Disease Survival Burden Assessment
# ── Change these values to re-run for any patient or disease ─────────────────
pt_age <- 50 # Patient age at diagnosis (integer, ≥ 50)
pt_sex <- "M" # "M" = Male, "F" = Female
dis_name <- "Disease X" # Short label used in plots and tables
dis_median <- 3 # Reported median overall survival (years)
dis_ci_low <- 1 # Lower 95% CI bound on median (years)

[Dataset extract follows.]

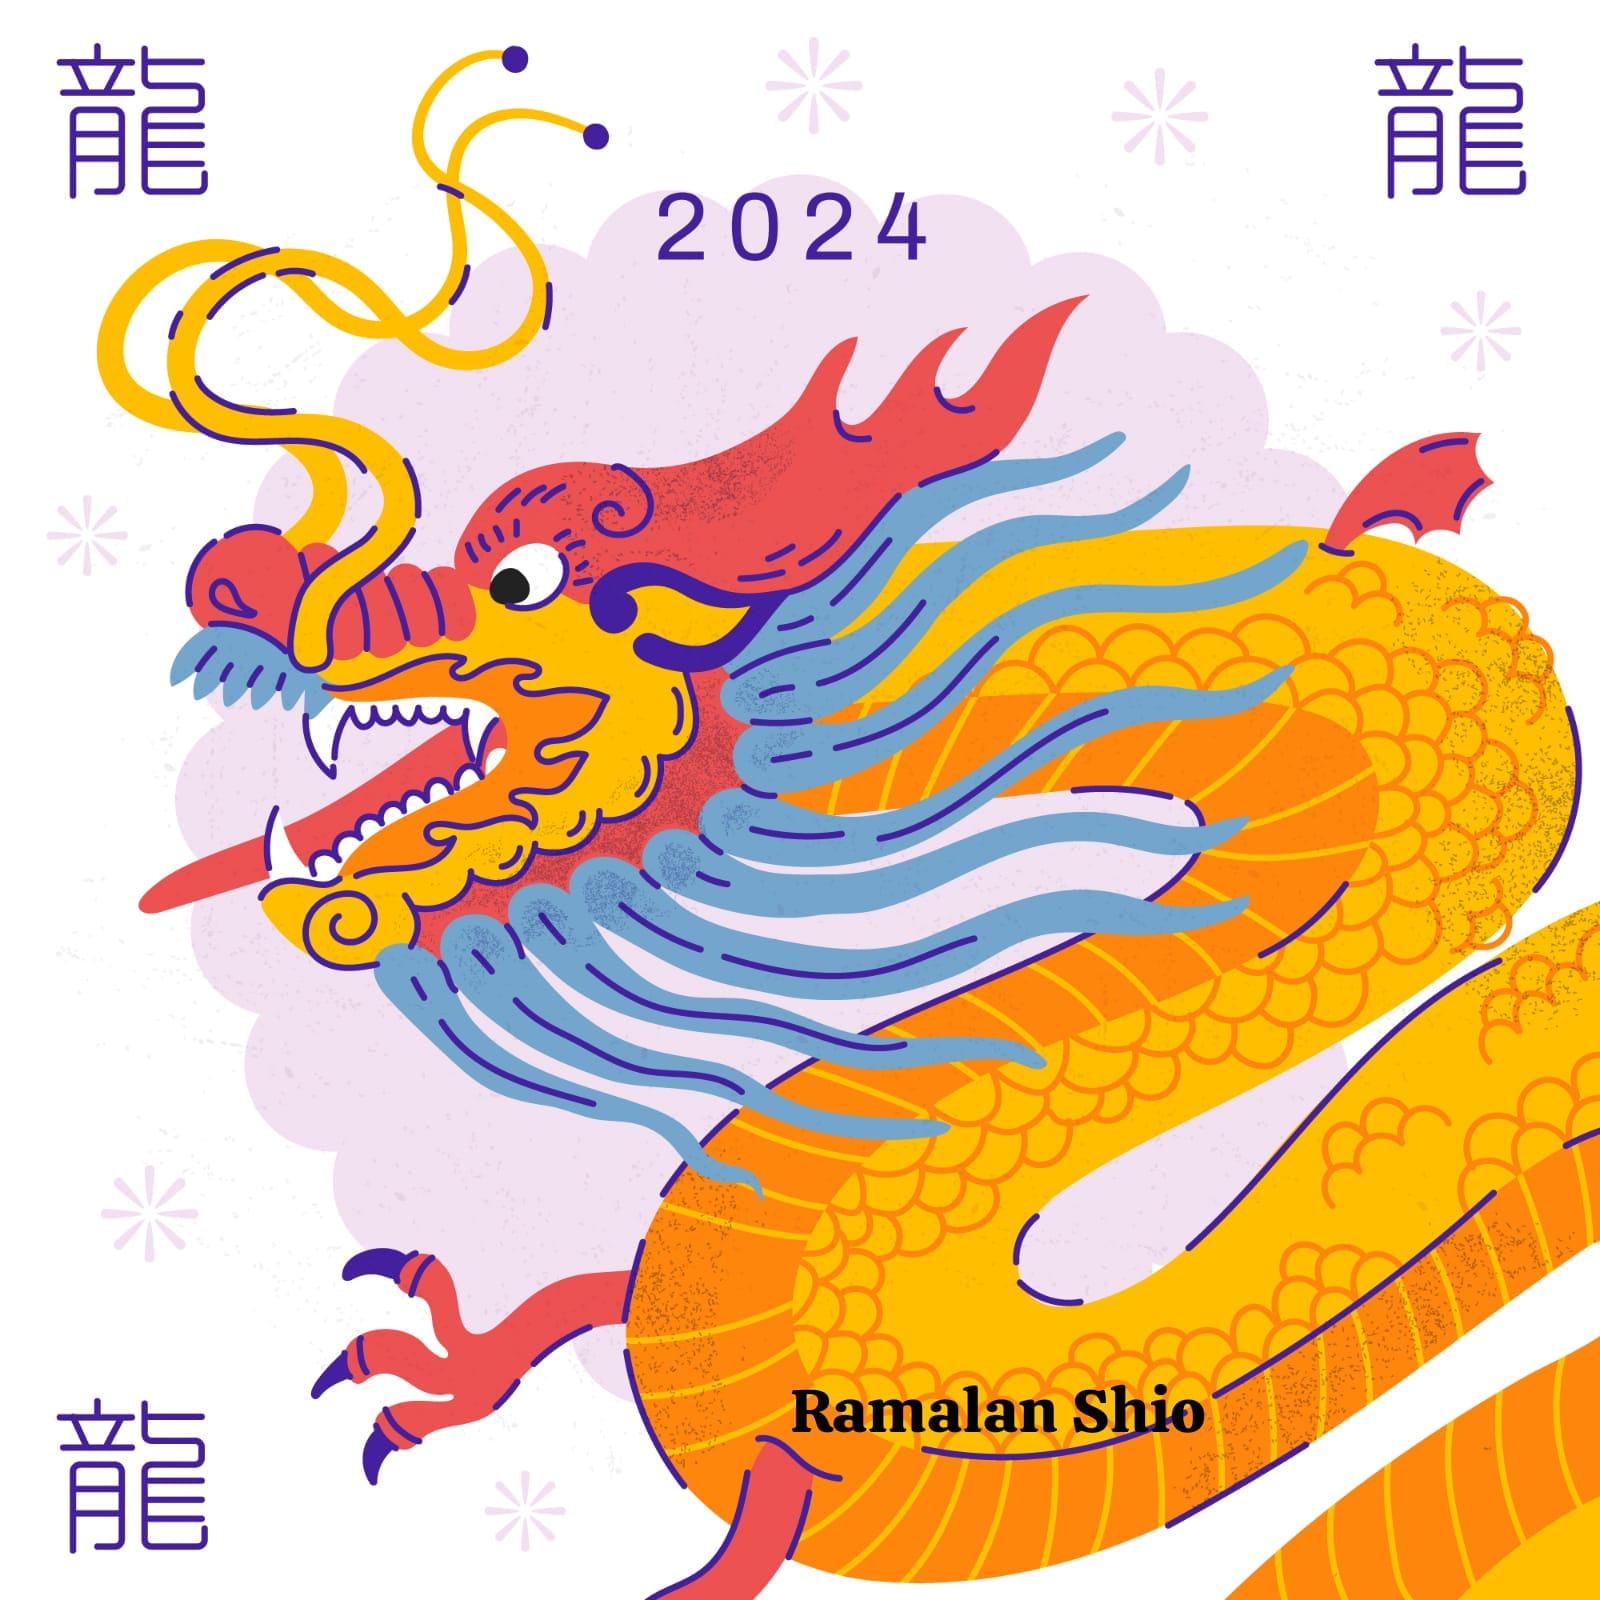 Ramalan Shio Naga, Shio Kelinci, Shio Ular, Shio Macan, Shio Kuda Hari Ini 9 Januari 2024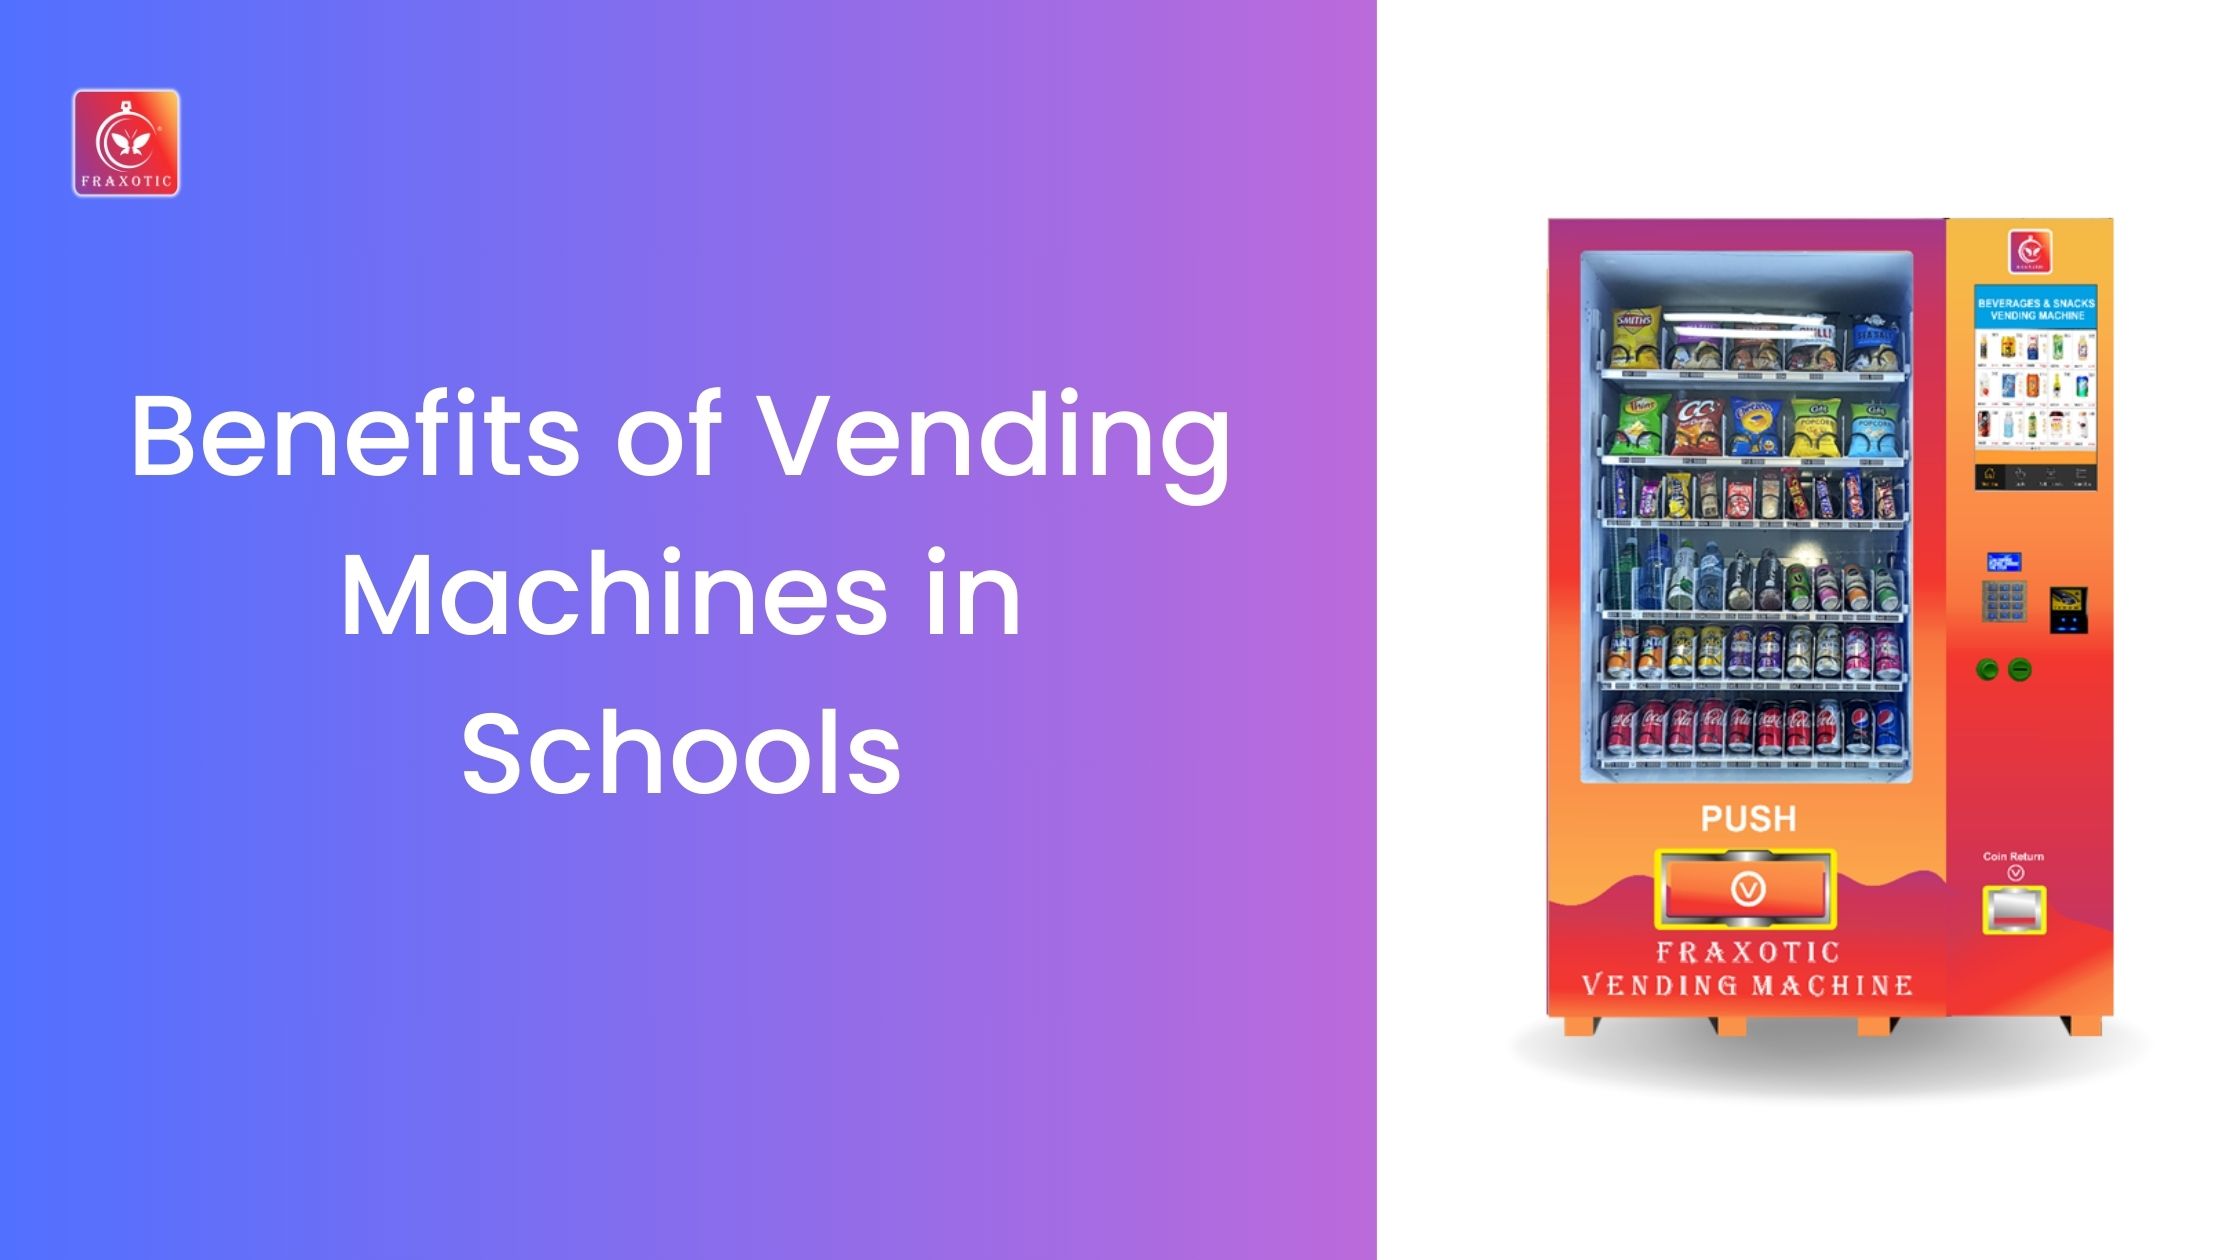 Benefits of Vending Machines in Schools

dis_ci_high <- 10 # Upper 95% CI bound on median (years)
Contents
- US SSA Period Life Table
- Background Population Survival
- Disease Survival Model
- Kaplan–Meier Survival Curves
- Survival Table
- Disease Burden Assessment
1. US SSA Period Life Table
The US Social Security Administration publishes annual Period Life
Tables giving the conditional probability of dying within one year \(q(x)\) and remaining life expectancy \(e(x)\) at each exact age \(x\), separately for males and females. We
use the survexp.us ratetable bundled with the
survival package, which contains the SSA Period Life Table
reformatted for survival analysis. Ages 50–99 are shown.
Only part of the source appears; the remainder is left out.